RFID Helps Grow and Track Potted Plants

In the Netherlands, plant growers are using an RFID-based solution from WPS Horti Systems to improve plant health and production.
Published: July 20, 2007

A Dutch company called WPS Horti Systems is providing growers a high-tech, RFID-based means of improving plant health and production, from seed to sale. Nearly five years ago, WPS worked with European auto-ID technology systems integrator Zetes to develop the Plant Order System, using RFID hardware from Tagsys. The company has been selling the system ever since, and a dozen of its customers have deployed it.


In the greenhouse, potted plants are placed in clear plastic pots, RFID-tagged at the bottom.

WPS’ Plant Order System is designed for use at greenhouses where plants are grown from seedlings to mature plants, as well as at large plant warehouses where the mature plants are stored and readied for shipment. At the greenhouses, growers place each potted plant into a larger plastic container with a Tagsys 10-TL passive 13.56 MHz transponder permanently attached to its base, encoded with a number to uniquely identify the plant inside.

Tagsys interrogators, mounted under the conveyor systems moving the plants from one growing area to the next, read the tag of each passing pot. At various stages of growth, the conveyors bring each plant to a mounted digital camera to be photographed. The Zetes software correlates each image with the container’s RFID tag number, then sends this data to a program that analyzes characteristics of the plant’s image—such as size, shape or color—and determines whether the plant is adequately healthy. Once the plant is grown and ready to ship, says Olivier Burah, Tagsys’ vice president for Europe, the Middle East and Asia (EMEA), it is removed from the container, which can then be reused for another potted plant.


The pot is placed on a small tray designed to keep it stable as it moves on a conveyor system into a storage area, and later to a shipping area.
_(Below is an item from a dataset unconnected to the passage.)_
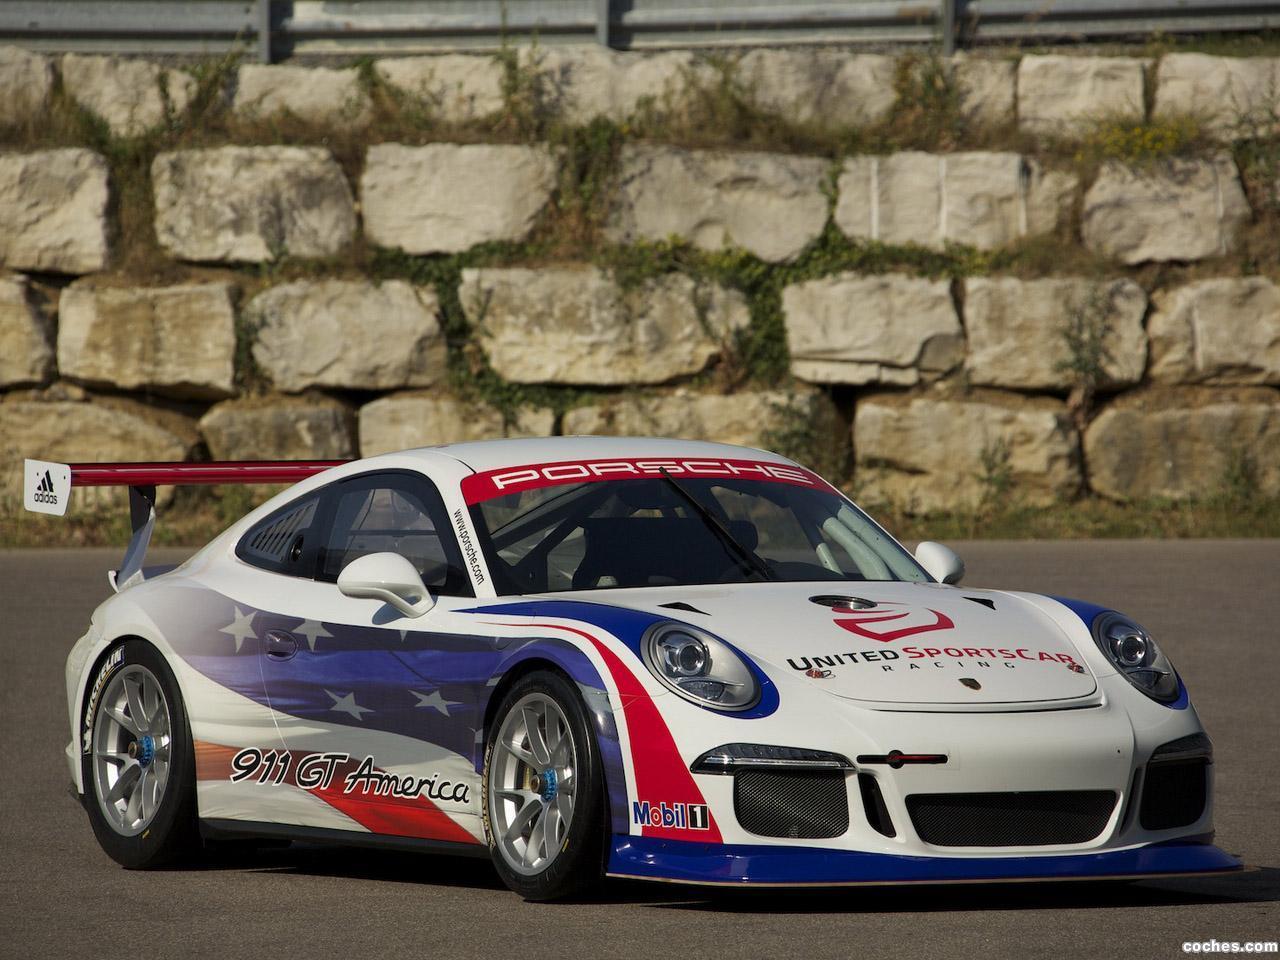 Foto 0 de Porsche 911 GT America 991 2013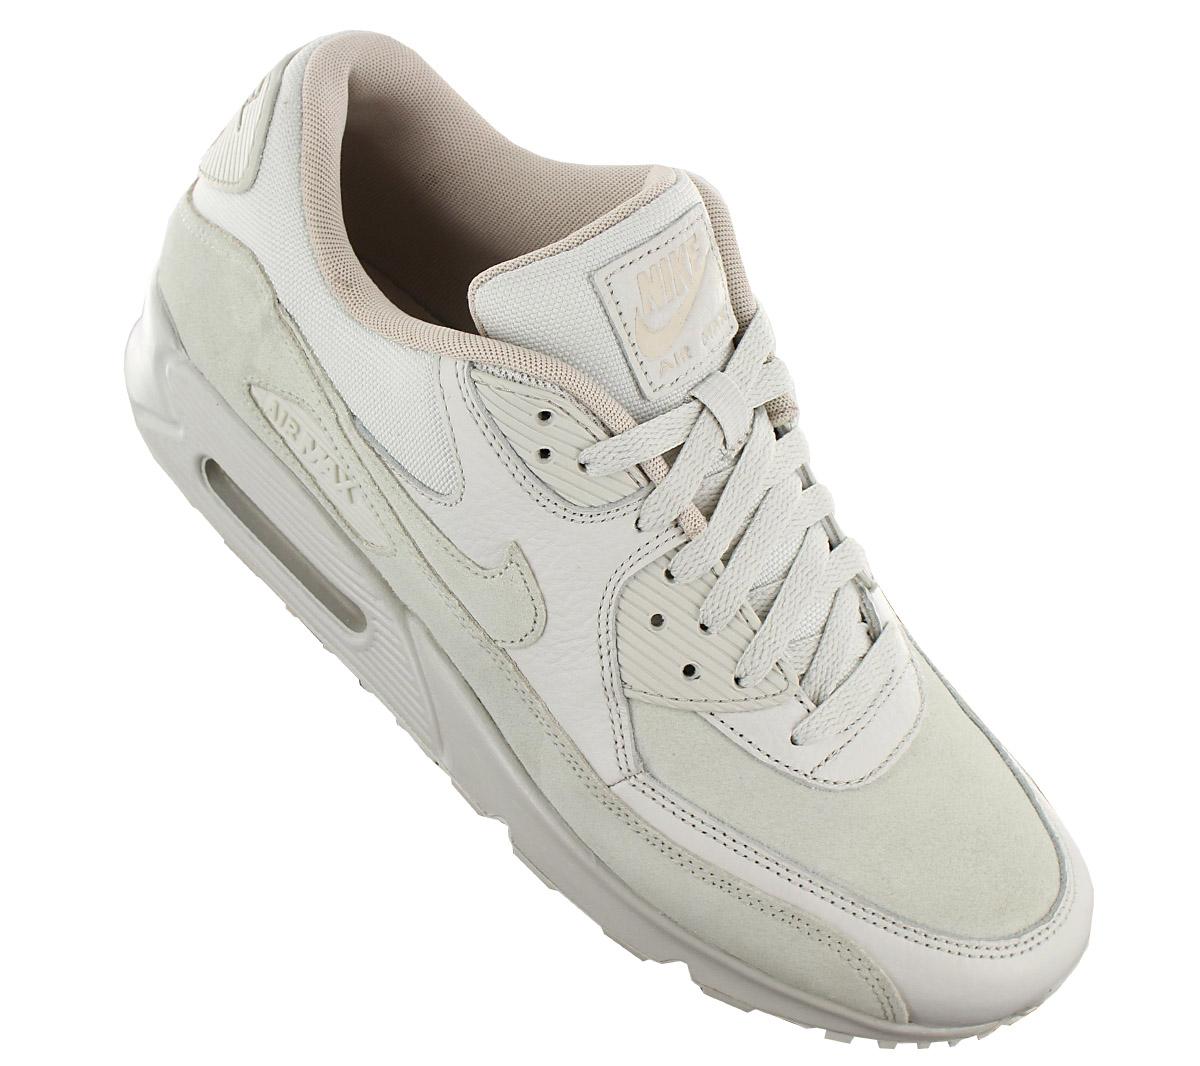 Details about Nike air max 90 Leather Premium Men's Sneaker Shoes Light Bone 700155 013

Aside from monitoring each plant’s health, the Plant Order System also enables growers to perform automated inventory counts and updates on each type of plant. On a daily basis, workers at the greenhouse tend to any ailing plants, applying fertilizer or taking whatever other measures they deem appropriate. Prior to implementing the Plant Order System, growers had to manually inspect all seedlings and plants in the greenhouse to find those requiring special care.
The mature plants are shipped to warehouses for storage and order preparation. There, each plant is transferred to the pot in which it will be sold. This pot is then placed on a small tray designed to keep it stable as it moves on a conveyor system into a storage area, and later to a shipping area. If the warehouse has deployed the Plant Order System, a Tagsys 10-TL tag is permanently attached to the base of each tray. As in the grow houses, readers are fixed beneath the conveyor system. In the warehouse, however, the data collected as the tagged trays move through the facility is used to route each plant to an appropriate storage area, or to the shipping area, based on directions the Zetes software receives from the warehouse’s ordering system.


Tagsys interrogators, mounted under the conveyor systems moving the plants from one growing area to the next, read the tag of each passing pot.



Some WPS customers have deployed the Plant Order System in facilities as large as 700,000 square meters, Tagsys claims, requiring the installation of up to 50 readers. Plant production, according to Tagsys, is a huge industry in Holland, with more than 1,500 growers of potted plants employing 1,000 hectares of greenhouse space. The plants are then sold to retailers at an average of €5 ($6.9) apiece, says Burah.

In addition to automating the inventorying and monitoring of plants, Burah adds, the platform provides WPS customers added visibility into their operations, enabling them to further increase productivity and reduce losses.